Мэри словно кипятком в лицо плеснули! Она сейчас вполне прочувствовала смысл выражения «сгореть со стыда». Но откуда отец знает?! Нет, не может быть, надо все отрицать! Но ее запекшиеся от стыда и страха губы не могли издать возмущенного восклицания, а только выдавили слабо:

– Нет, нет… нет…

– Бессмысленно отпираться, – проговорил холодно Николай Павлович. – Я повидал на своем веку довольно согрешивших девиц и знаю, чем женщина, познавшая мужчину, отличается от невинной праведницы. Теперь удивляюсь только, что я ничего не заметил раньше.

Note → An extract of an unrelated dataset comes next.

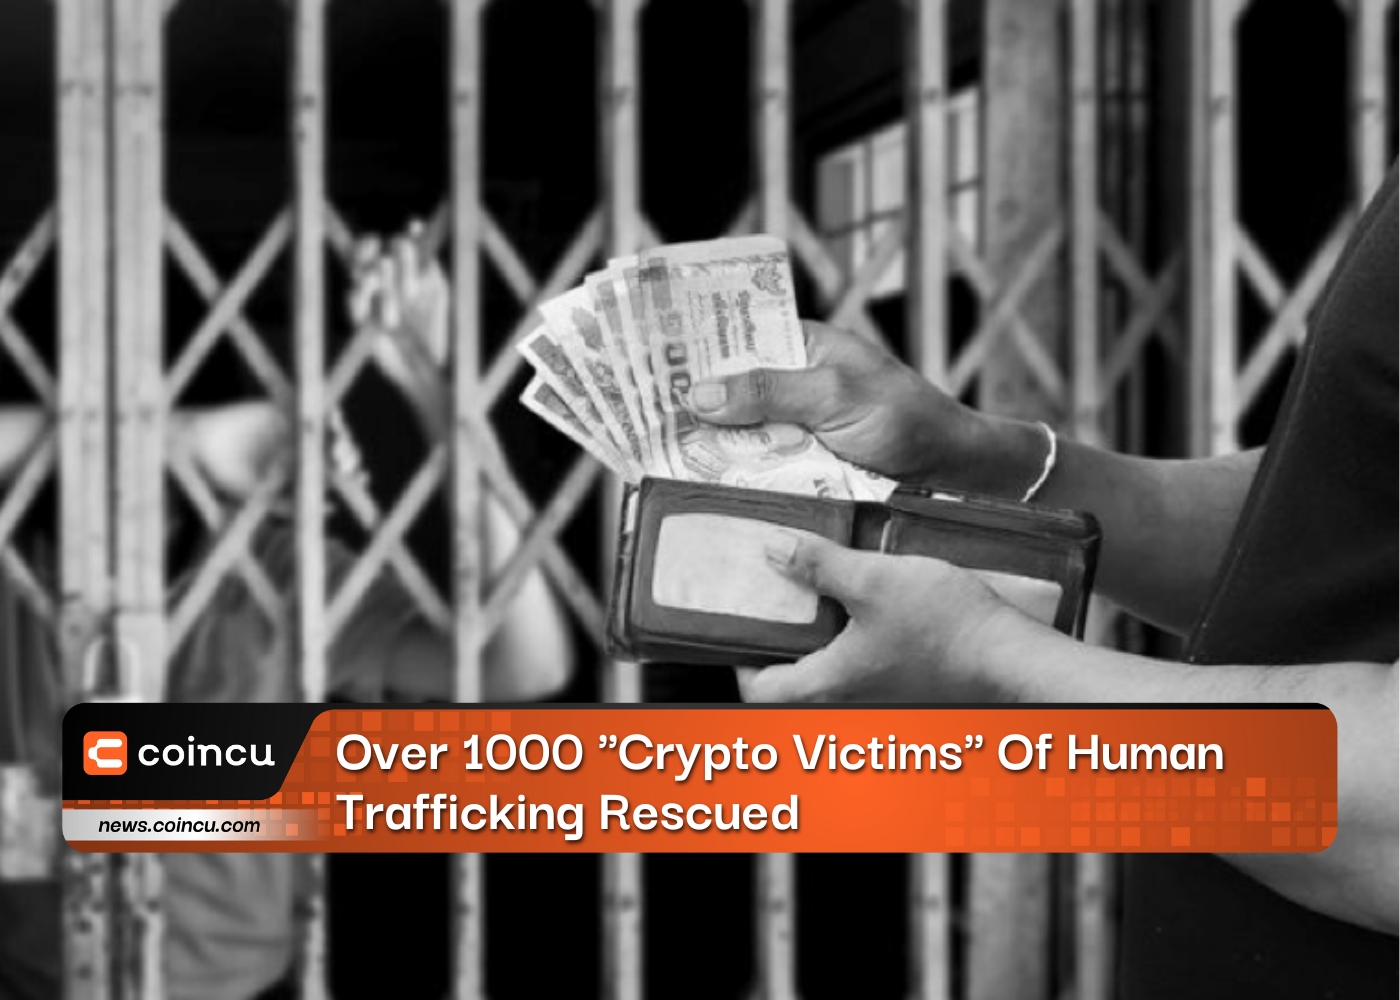 Over 1000 "Crypto Victims" Of Human Trafficking Rescued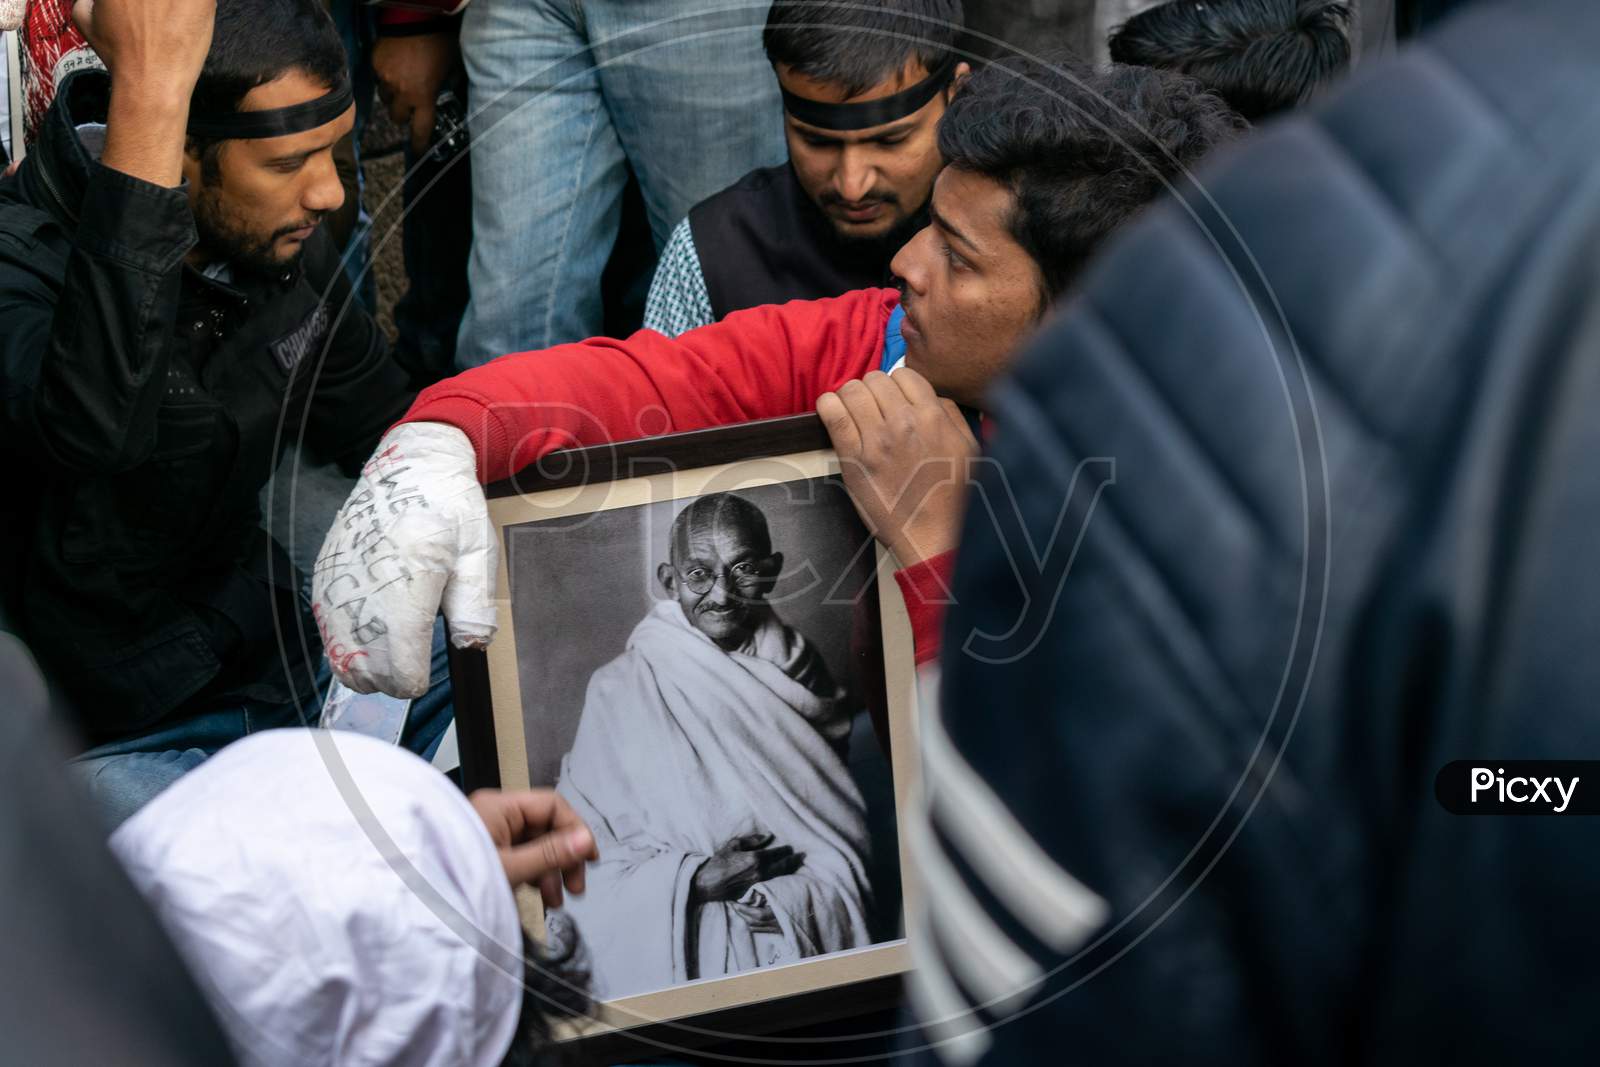 Students holding a picture of Mahatma Gandhi during protest against CAA and NRC outside Jamia Millia Islamia, A Central University in New Delhi

О, не пытайся выжать слезы оскорбленной невинности! – крикнул он раздраженно, глядя в пылающее лицо дочери. – Не принуждай меня призывать для ответа посторонних людей. Я ведь могу вызвать мадам Марио-Помар и попросить ее освидетельствовать тебя.

«Он не решится предать меня позору», – мелькнуло в голове Мэри, и она вызывающе воскликнула:

– Вы можете делать, что хотите, но я ни в чем не виновата!

Секунду император смотрел в ее лицо, и Мэри понимала, что этот проницательный взгляд, в котором сейчас не было ничего грозного, а только глубокая печаль, видит все, что скрыто в ее душе, видит ту бездну лжи, в которую она погрузилась.

«Надо закрыть глаза, надо убежать!» – подумала она, но тут отец взял ее за плечо и сказал:

– Понимаю, ты думаешь, что я не решусь предать позору свою дочь, вызвав акушерку для ее освидетельствования. Ты права. Но твоя мать больна, она жалуется на обострение женских хворей, поэтому мадам Марио-Помар все же будет приглашена во дворец для осмотра императрицы и великих княжон, а также статс-дам и фрейлин – просто так, на всякий случай. Доктора говорят, что всякую болезнь легче предупредить, чем излечить, а женский организм весьма хрупок. Мадам не будет удивлена тем, что мы хотим знать состояние здоровья своих дочерей и фрейлин, которые им служат. Разумеется, мы устроим так, что мадам не будет видеть лиц своих пациенток. Ей для осмотра будет доступна только нижняя часть тела, ничья стыдливость не будет оскорблена нескромностью. Но она получит строгий приказ сообщить мне, которая именно из ее анонимных пациенток окажется не девицей. Таким образом, твоя тайна будет по мере возможности сохранена… от всех, только не от меня и не от твоей матери. Но скажи, Мэри, неужели ты заставишь меня пойти на все это, устроить этот чудовищный спектакль? Неужели в тебе не осталось достоинства? Неужели ты забыла о том, кто ты есть? Ты великая княжна, которая лжет императору!

Мэри вся дрожала, но еще сопротивлялась признанию, которое уже готово было сорваться с ее губ. Роковыми оказались последние слова императора:

– Ты дочь, которая лжет отцу, любящему тебя более всех на свете…

– Да, – с отчаянием произнесла Мэри, слушая собственный голос как бы с изумлением, до такой степени чужим он ей казался, и даже глаза закрыла от того, что сейчас произойдет. – Да, я… я… у меня это было, я… лишилась… лишилась…

Она запуталась в словах, но император и так все понял.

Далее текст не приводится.